Runs are submitted by EnFuzion users from submit hosts, which are normally local user machines. Jobs are executed by EnFuzion nodes, which are computer hosts that perform the computation. A central host, called EnFuzion root, controls the nodes and manages job execution.
EnFuzion implements the concept of a user. All interactions with EnFuzion at run time are assigned an owner user ID. User IDs are used for generating activity reports and for restricting permitted actions.
The sections below explain basic EnFuzion concepts in more detail.
EnFuzion can manage remote execution of regular command line programs and scripts. Additionally, it is optimized for parametric executions, executing the same application many times with different input parameters. Parametric executions are common in computational modeling, simulations, and analysis. Many tasks can be reduced to parametric executions, such as Monte Carlo analysis, design optimization and verification, computational experiments, data mining, searching, combinatorial optimization, what-if scenarios and other similar tasks.
Each parametric execution is described by a run, which is a container for jobs that perform the same commands with different input values.
User jobs are submitted through runs. Each run specifies an environment for job execution and contains one or more jobs. The number of jobs in a run can range from one to millions of jobs.
A run can be either a command line program, a script or a parametric execution, containing many jobs. A parametric execution consists of tasks , job descriptions and configuration options. Tasks include commands that are executed for each job in the run. These task commands provide instructions on how to execute applications, specify input and output files and such. All jobs in a run share the same tasks. Job descriptions provide specific input values for each job. The run configuration specifies the options that determine run behavior. Run options can determine, for example, run priorities, timeout limits and so forth.
Runs are described in detail in Chapter 8. For run options see the Section called Options in Chapter 8.
A job corresponds to one unit of work. It executes commands from the common tasks in the run, but uses its own specific input parameter values.
EnFuzion supports two kinds of jobs. Regular jobs must have an associated task description and a set of input parameters. These regular jobs are simply referred to as jobs. They are used in most applications. Datastream jobs consist of input data and resulting output data. Datastream jobs are referred to as datajobs. They deliver higher throughput, with less overhead than regular jobs and are better suited for certain special applications.

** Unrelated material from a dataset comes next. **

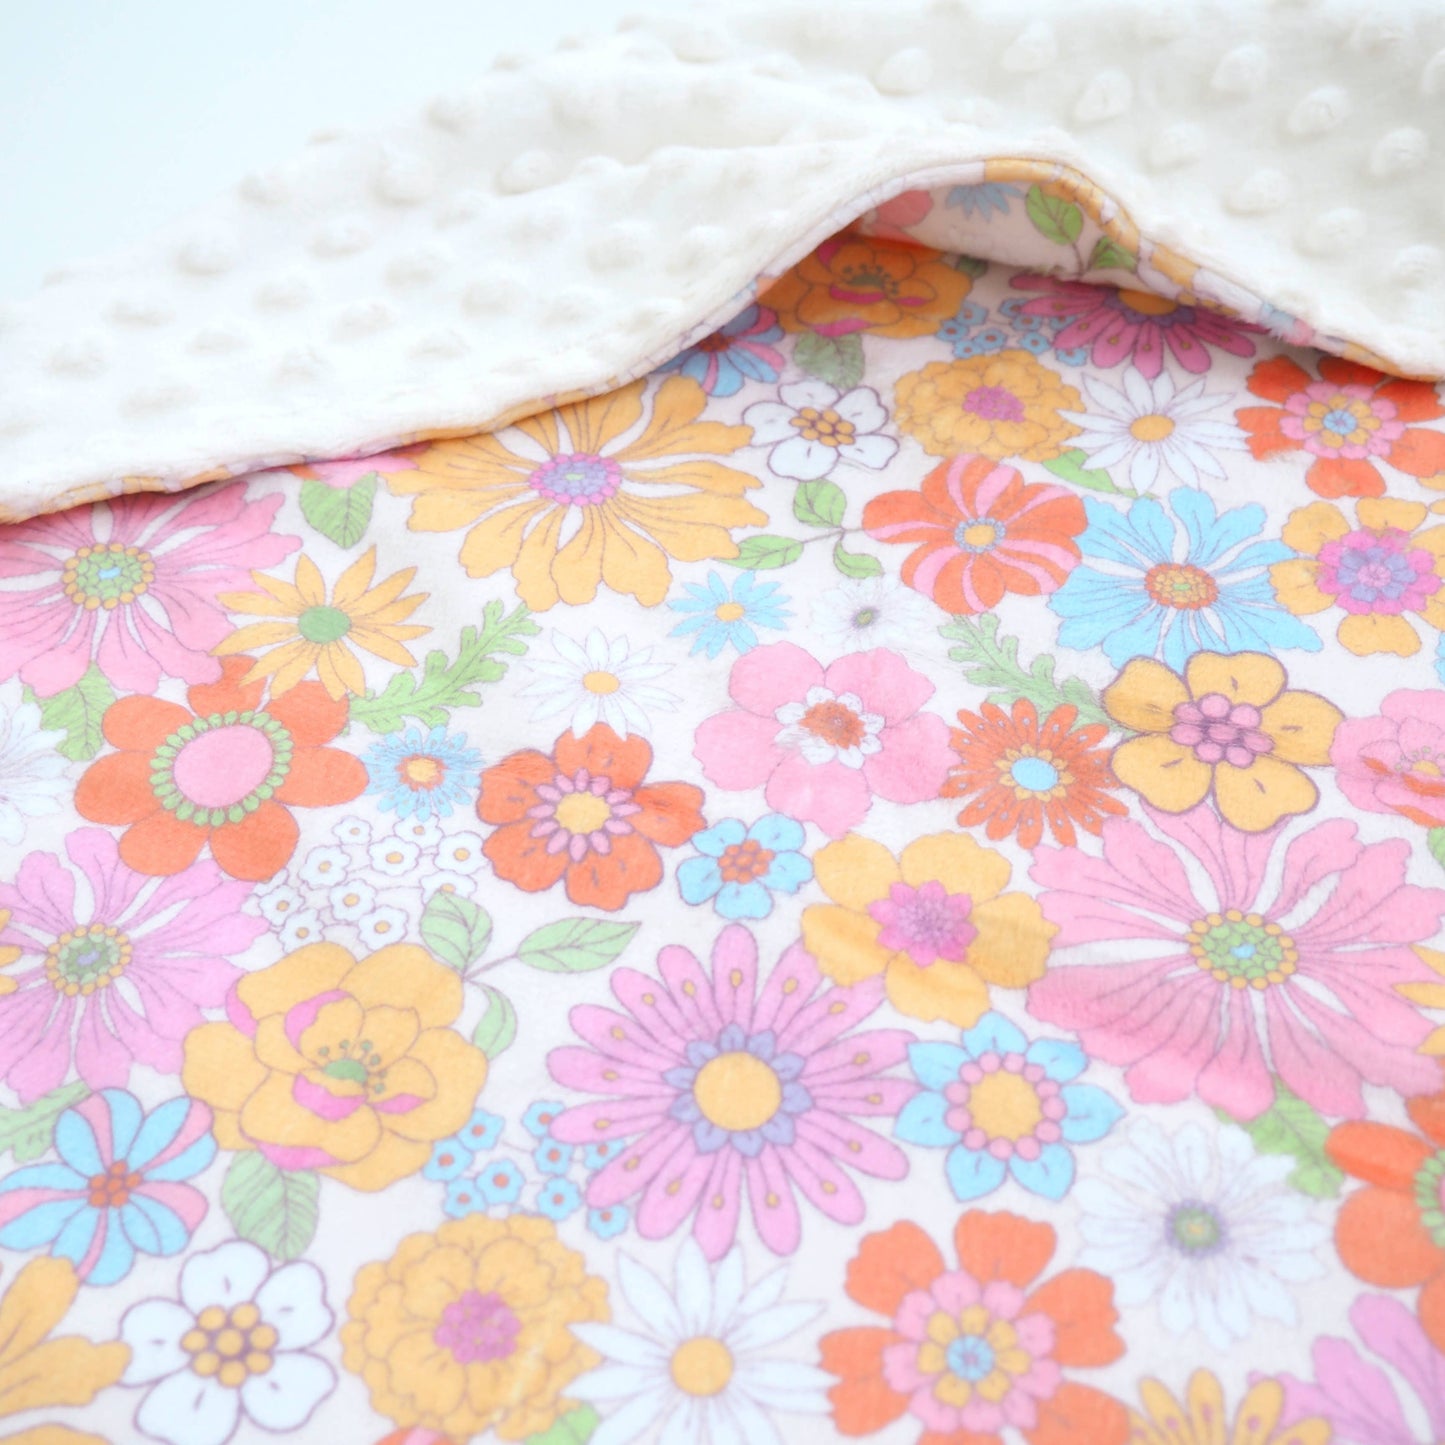 Minky Blanket - Retro Floral

Run execution results in contexts. For each node, executing jobs from a run, the run maintains a context with temporary information about the node. A context is created dynamically during job execution, after a node has been initialized to execute the jobs of the run. An initialization can be installation of the execution binary on the node or the copying of common files to the node. If a run or a node is terminated, the corresponding context is deleted. Contexts are handled automatically by EnFuzion. There is no need for users to issue any special context commands.
Submit computers are used to submit jobs for execution. These are usually local user machines, although any other machine can be used to submit jobs.
Users on submit computers can use a standard web browser to submit jobs and communicate with the EnFuzion root. In that case, there is no need to install any EnFuzion related software on the system.
EnFuzion provides additional programs, which allow job submission from a command line, provide user identification and simplify job preparation. If these features are required, then EnFuzion submit components must be installed on each submit system.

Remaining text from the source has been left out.